The stage before it started with incense wafting
The Globe was set up quite differently. The whole of the back wall was covered with red planks, including the interior of the musician’s galleries. The curtained back centre entrance was replaced by red wooden doors (kept closed apart from entrances). The triangular thrust section was gone, replaced by steps, with two wide ramps leading up to the sides of the stage (making it rather more like Stratford in effect). Large backcloths were used … dark blue SPQR for Rome, a tattered map of the ancient world for the battles section. Incense wafted around before the start. Music played through several scenes … drums for action, cello for tragedy.
ramps and steps … stage floor still bloodstained from the other Roman productions!
It’s played as exotic East for Egypt, while the Romans are in early Jacobean garb, mainly black. Not a toga in sight. The Romans default to Jacobean costume in contrast to the exotic finery of Egypt. One could ask why. Or why not?

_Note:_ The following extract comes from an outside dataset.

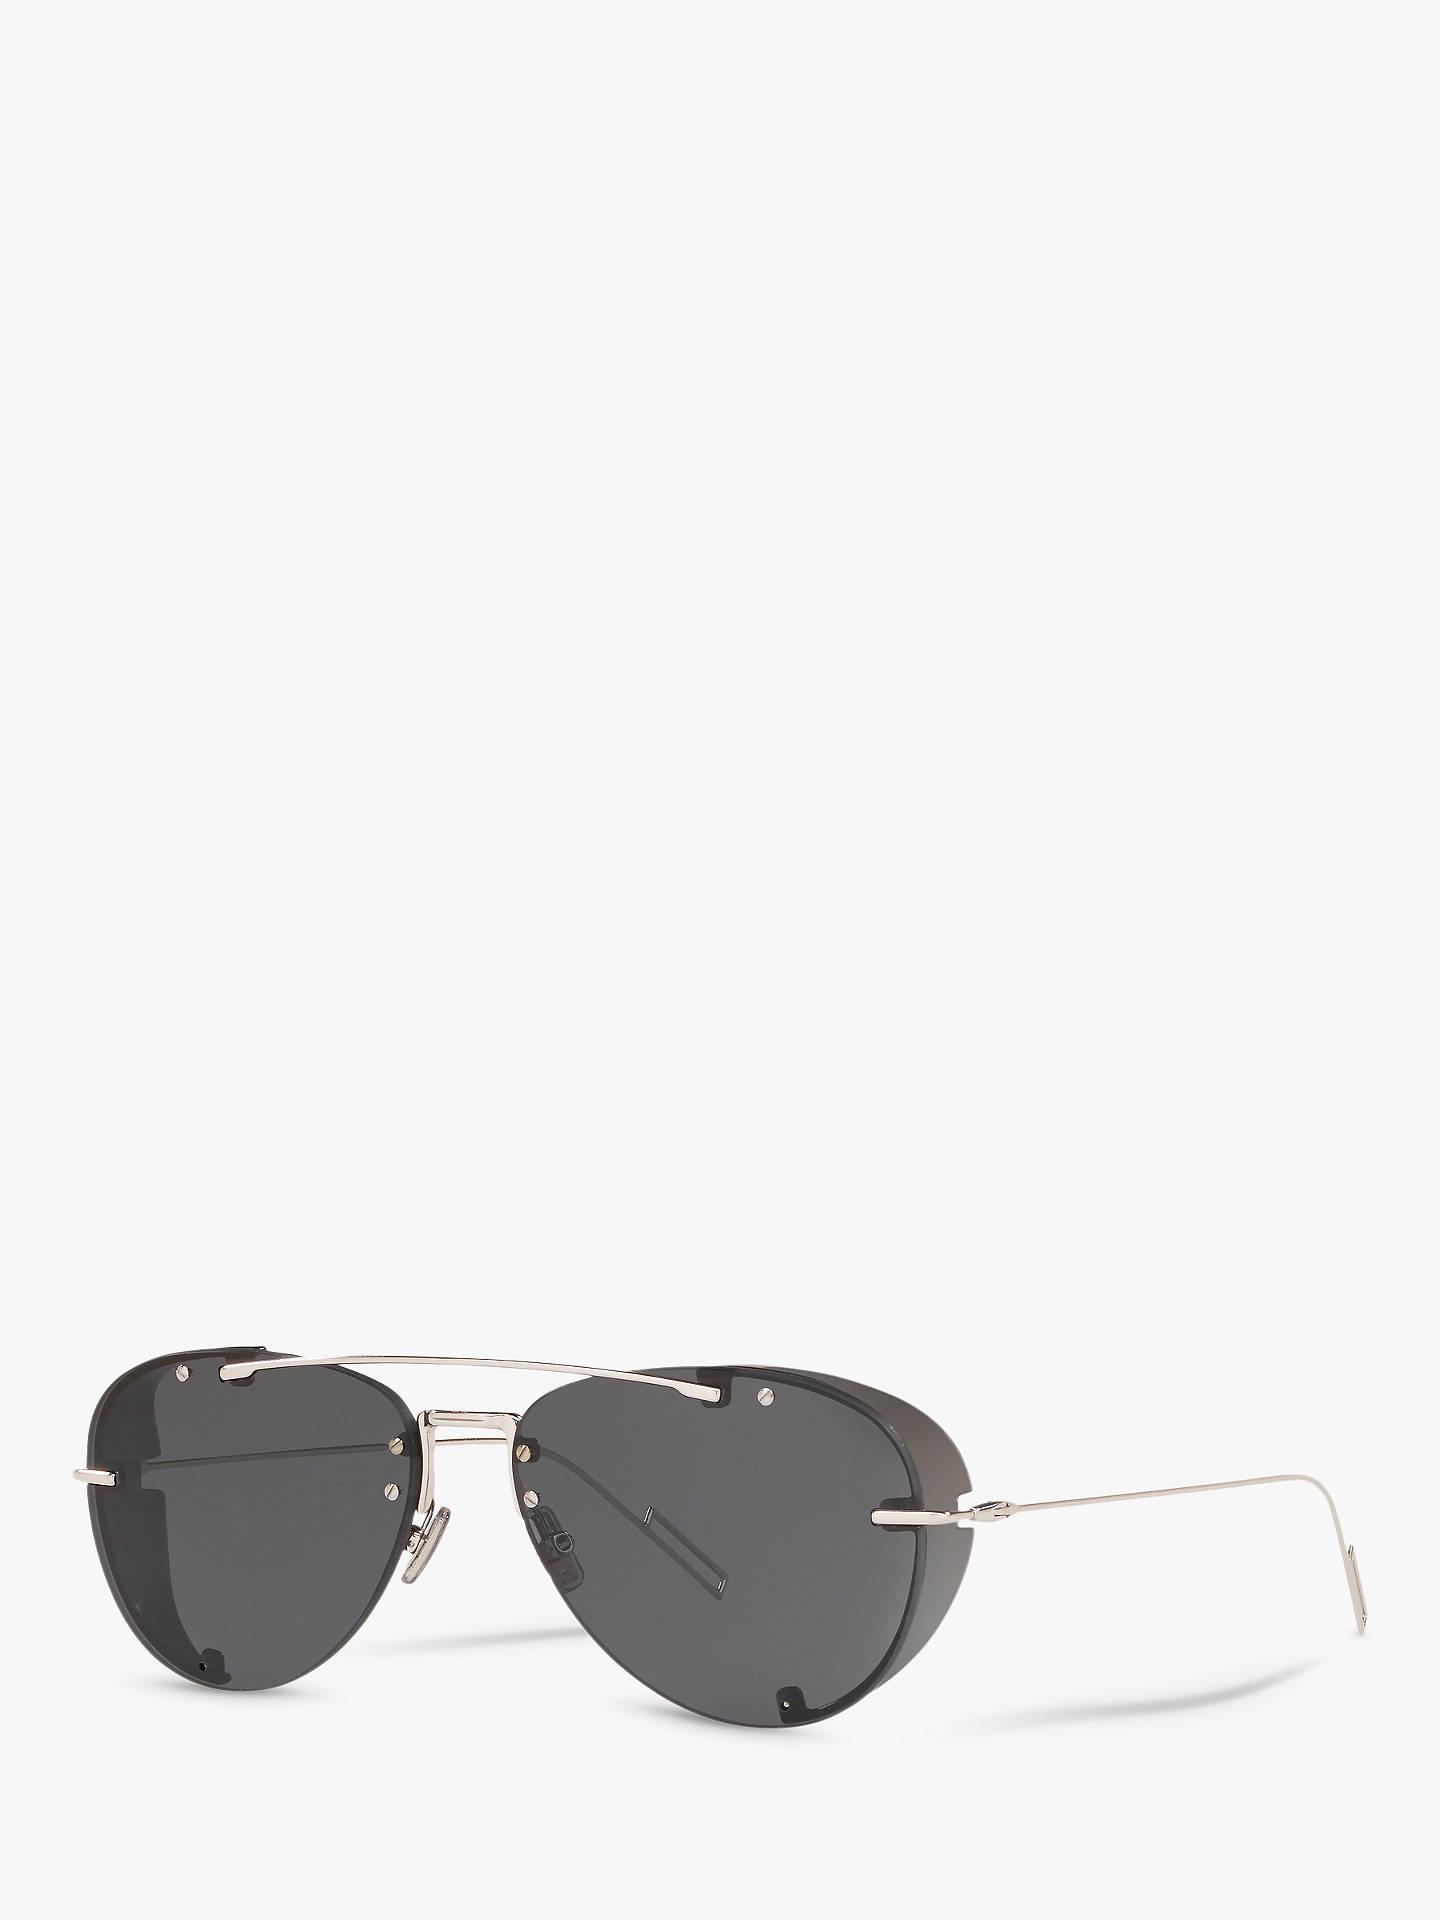 6ac260e1a7b5 Buy Dior DiorChroma1 Women's Aviator Sunglasses, Silver/Dark Grey Online at  johnlewis. ...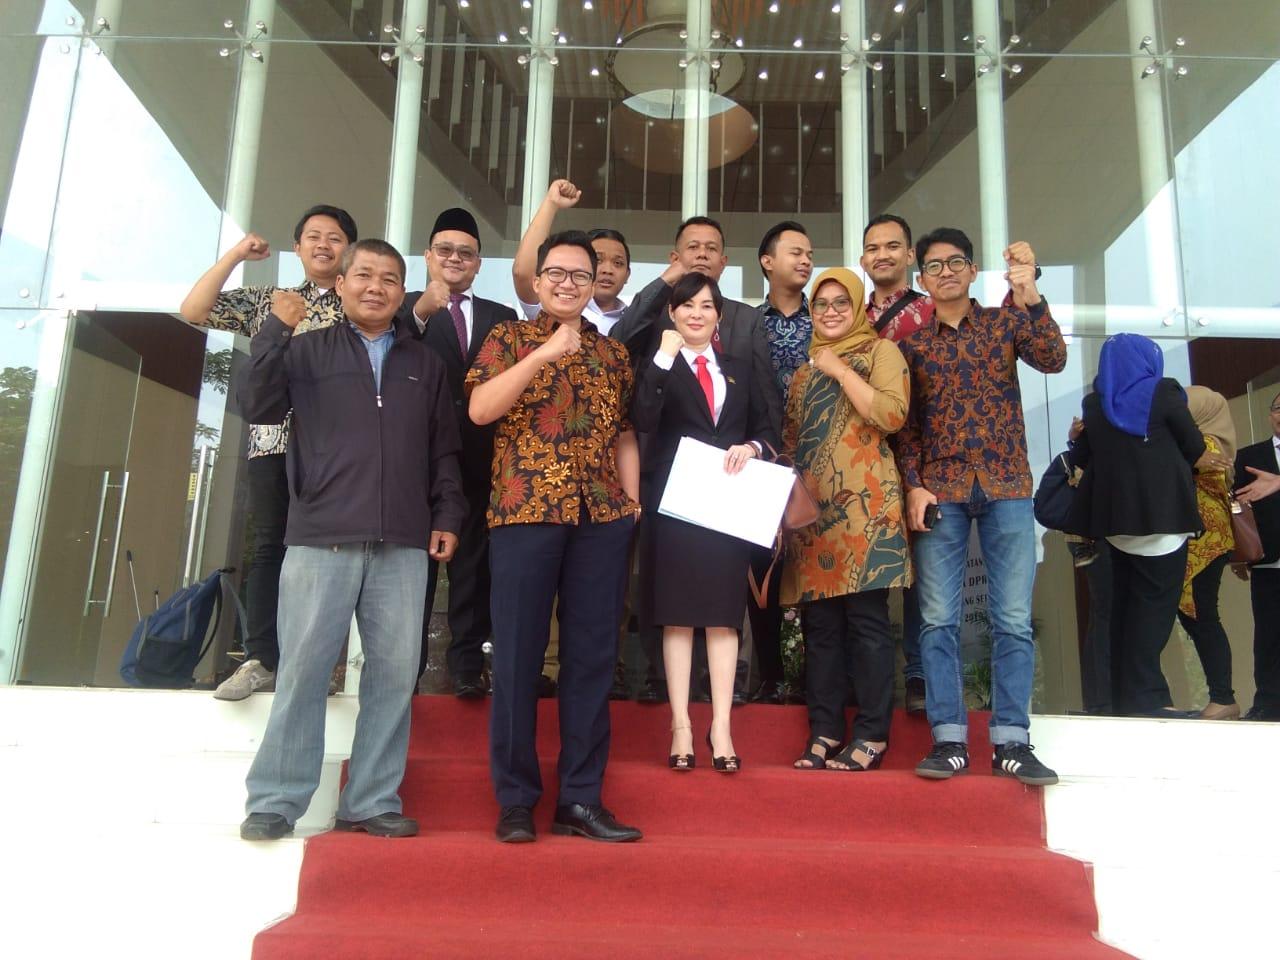 Li Claudia Chandra Resmi Dilantik Pengangkatannya Anggota DPRD Tahun 2019-2024 Kota Tangerang Selatan

When the battle starts, the stylized bands of soldiers are strictly coded … leather breastplates and red for Egypt, metal breastplates and blue for Rome.
Antony & Cleopatra … the first time we see them
This one started five minutes before the appointed time with wild ensemble dancing, led by Cleopatra’s attendants, Iris and Charmiane. Then the principles burst through the rear doors, with Mark Antony in Egyptian robes, Cleopatra dressed as a man, and they’re almost immediately in heavy embrace. The three women … Cleopatra and her two attendants … work together as a trio. Eve Best is the funniest Cleopatra, getting roars of laughter with line after line. The background acting from Iris and Charmiane accentuates it. I had never thought of Cleopatra as a great comic role (well, with the exception of Carry On Cleo.)
Iris (Rosie Hilal), Cleopatra (Eve Best), Charmiane (Sirine Sharba)
Mark Antony is every inch the rugged man’s man soldier. Eve Best is also a sensual Cleopatra, descending to kiss a blushing teenager in the audience. The ages are right too. The RSC was a tad young, Chichester too old. The long pause Eve Best holds when Cleopatra is told that Mark Antony’s new wife, Octavia, is “thirty” is hilarious. Cleopatra’s physical attack on the messenger (Peter Bankole) who brings news of the Mark Antony /Octavia wedding is one of the best and funniest things I’ve seen in years. Great rolling eye acting from Bankole. Great signalling and prompting his answers from Charmiane. Tremendous physical acting from Eve Best as she beats the shit out of him, Even better is when he has to come back and is terrified of her.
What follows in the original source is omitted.